One of the genes the team turned up had already been linked to type 2
diabetes. Another gene is active only in the cells that make insulin,
and is known to be involved in helping the cell process zinc, which
plays a crucial role in insulin production. A third gene is a mystery.
And the test pointed to an association with two other areas of the
genome that have several genes, including some involved in the cells
that make insulin.
Three other teams are preparing to announce results from similar
searches for genes involved in diabetes, according to Dr. David
Altshuler , a scientist at Mass.

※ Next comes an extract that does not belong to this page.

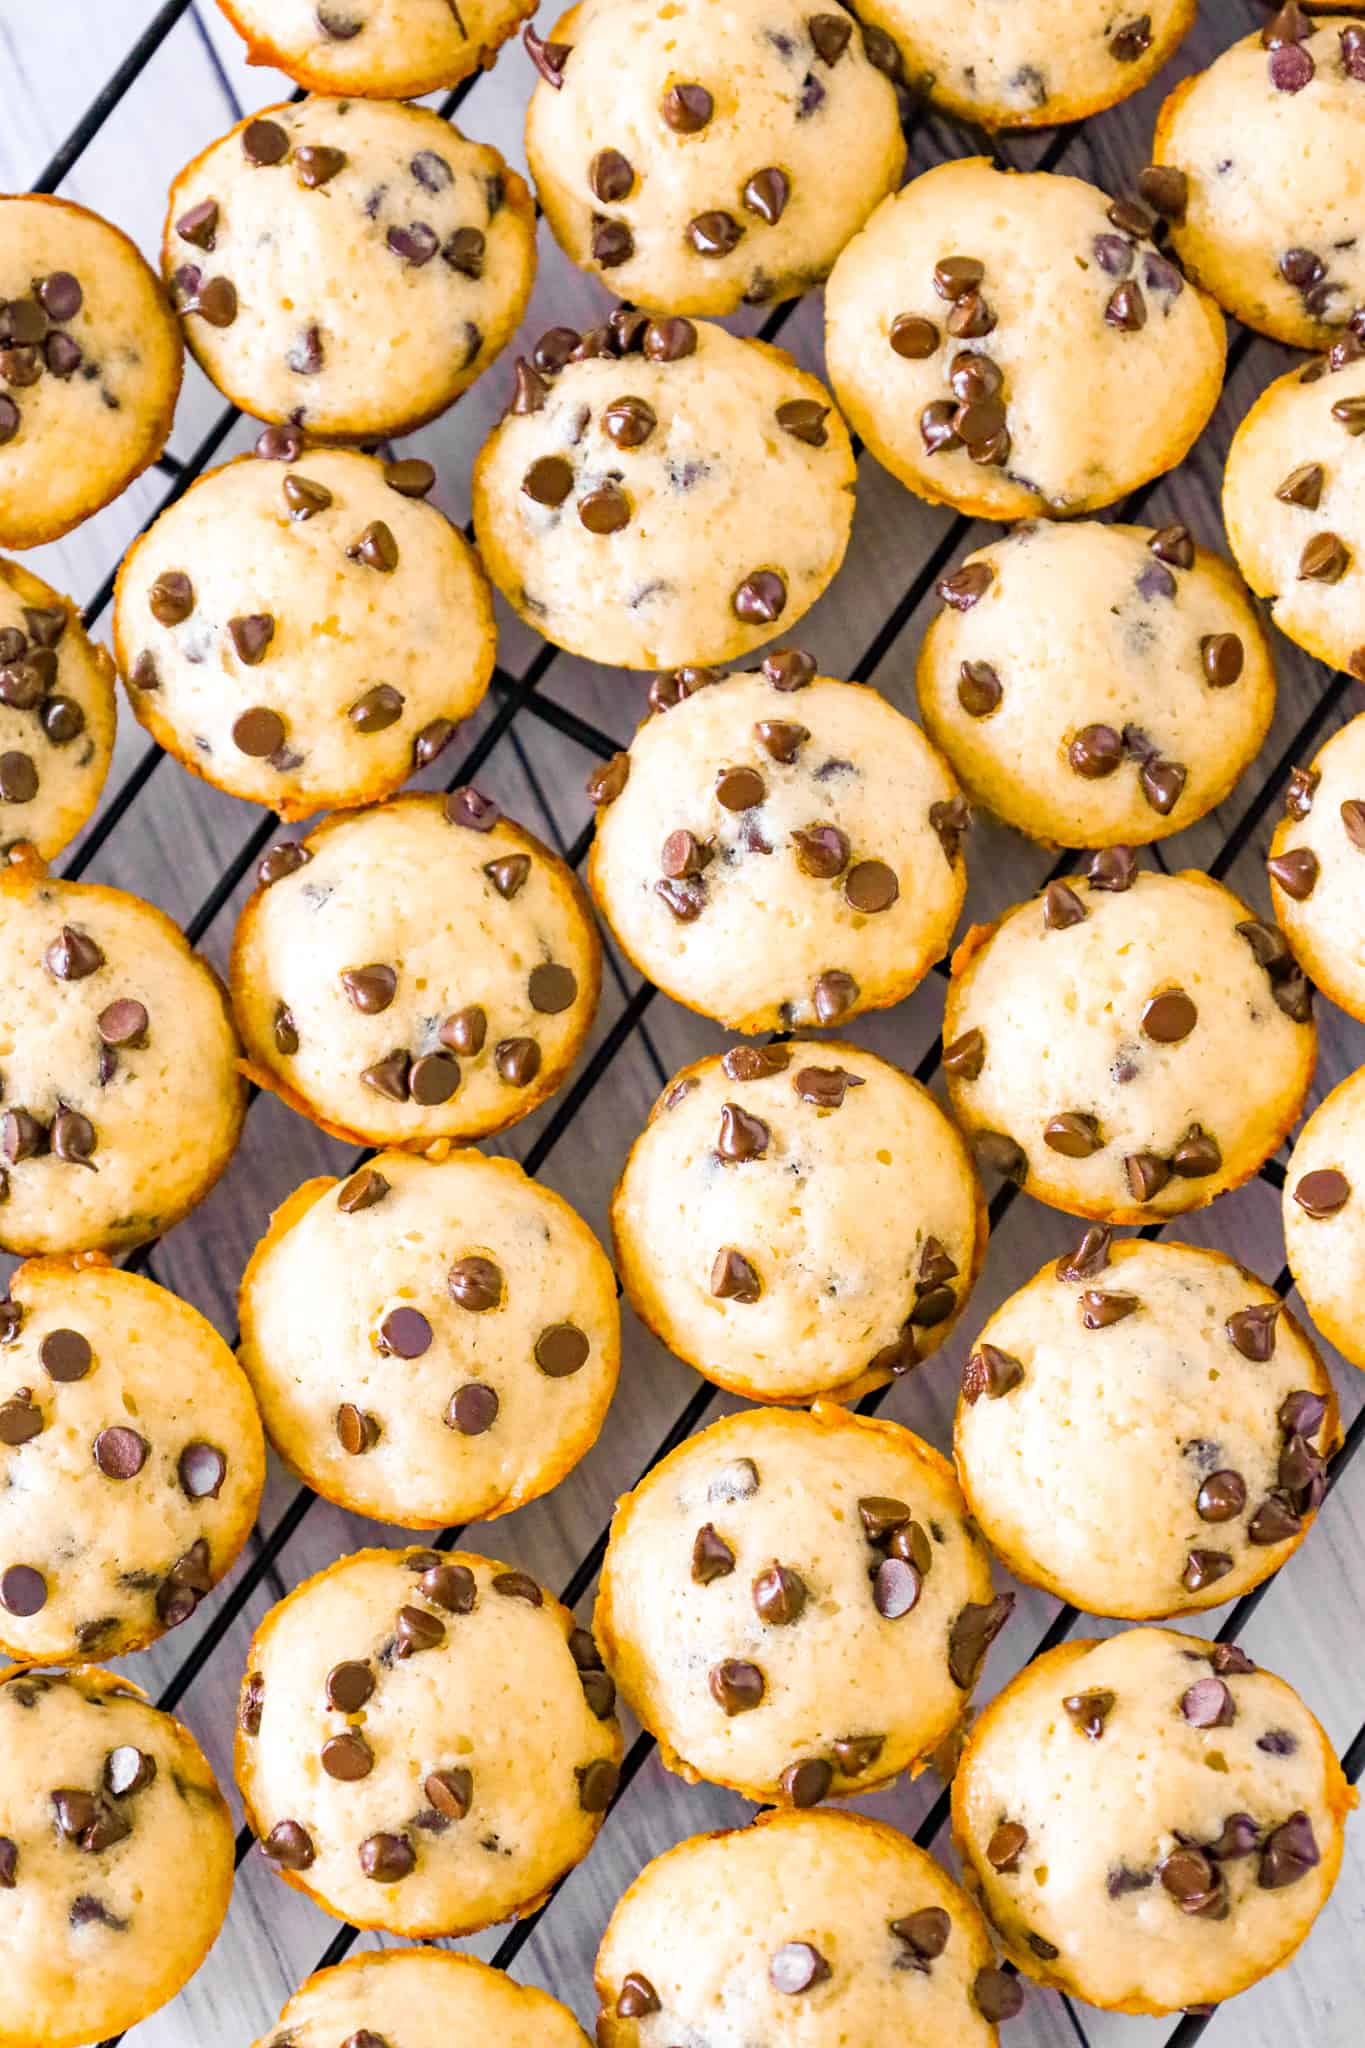 Mini Chocolate Chip Muffins are a tasty bite sized snack recipe that is sure to please both kids and adults.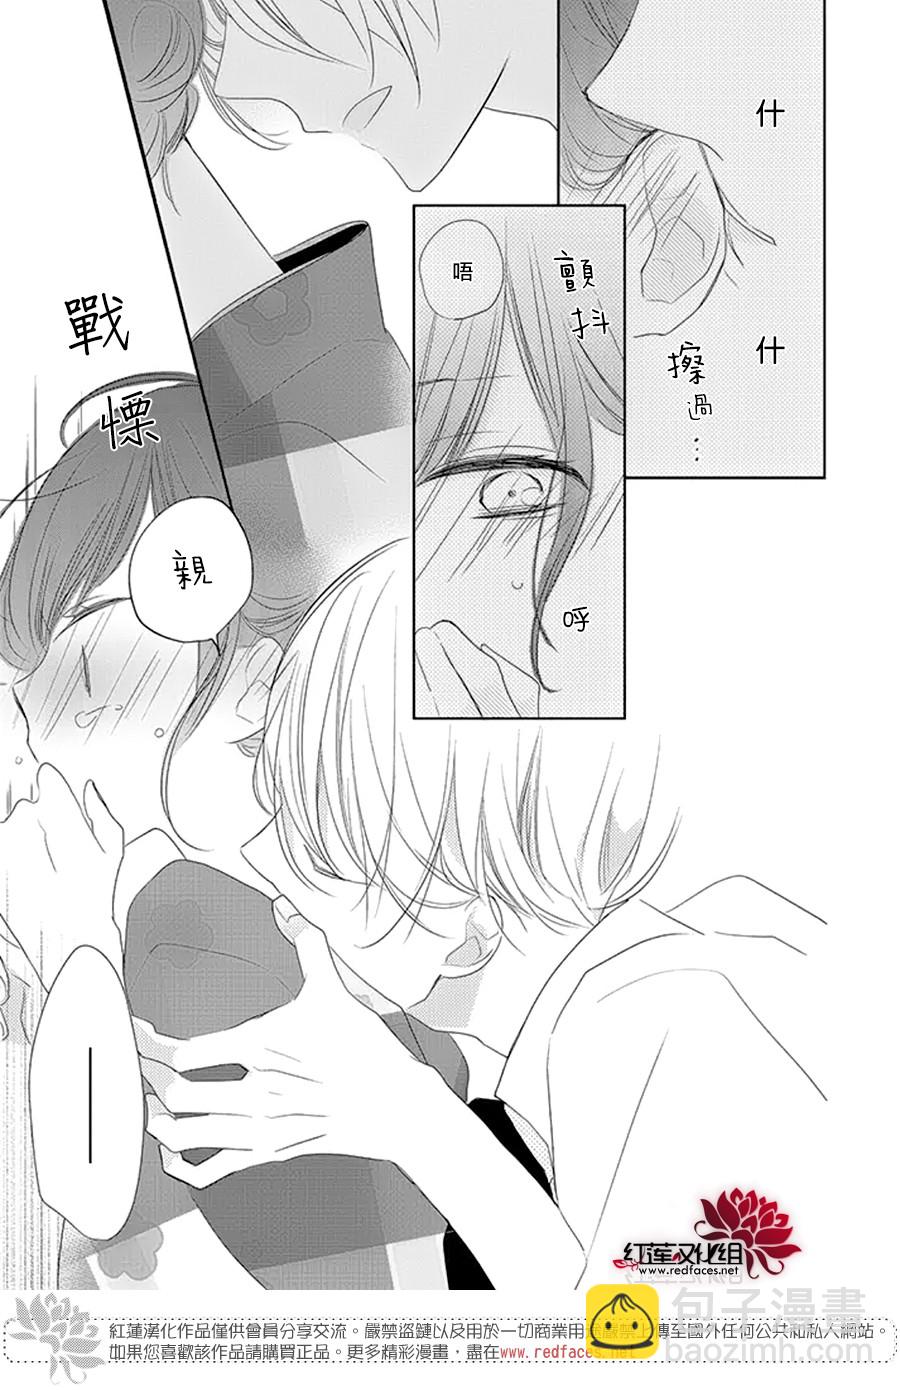 If given a second chance - 17話 - 3

General, Harvard Medical School, and
the Broad Institute of MIT and Harvard. Altshuler, who is involved in
an independent study known as the Diabetes Genetics Initiative, said
that the results from all four independent studies could be combined
to generate an even clearer picture of the genetics underlying the
disease.
On Friday, the diabetes initiative posted initial results from scans
of 1,500 diabetics and 1,500 healthy patients. The data lists the
association of genes with type 2 diabetes, but also with a range of
other related risk factors, such as obesity. A full peer-reviewed
report, including the follow-up work needed to verify the
associations, will be published soon, Altshuler said. The initiative
is made up of the Broad Institute, Novartis, and Lund University in
Sweden.
One of the most important applications for the research, scientists
said, could be to help break down type 2 diabetes into subcategories,
each with its own genetic signature. It would then be possible to test
various treatments -- from diet changes to drugs -- on the different
kinds of diabetes, according to Dr. David M. Nathan , director of the
diabetes center at Mass. General. However, Nathan cautioned, patients
should not take zinc supplements or otherwise change their medications
based on the new work.
Polychronakos said his team would have more results as well. Thousands
of potentially linked genes identified in the first phase of the study
need to be checked in a second group of people. The vast majority of
the genes will probably not turn out to be linked, he said, but many
will.
"This is a big breakthrough," he said, "but it is only the tip of the iceberg."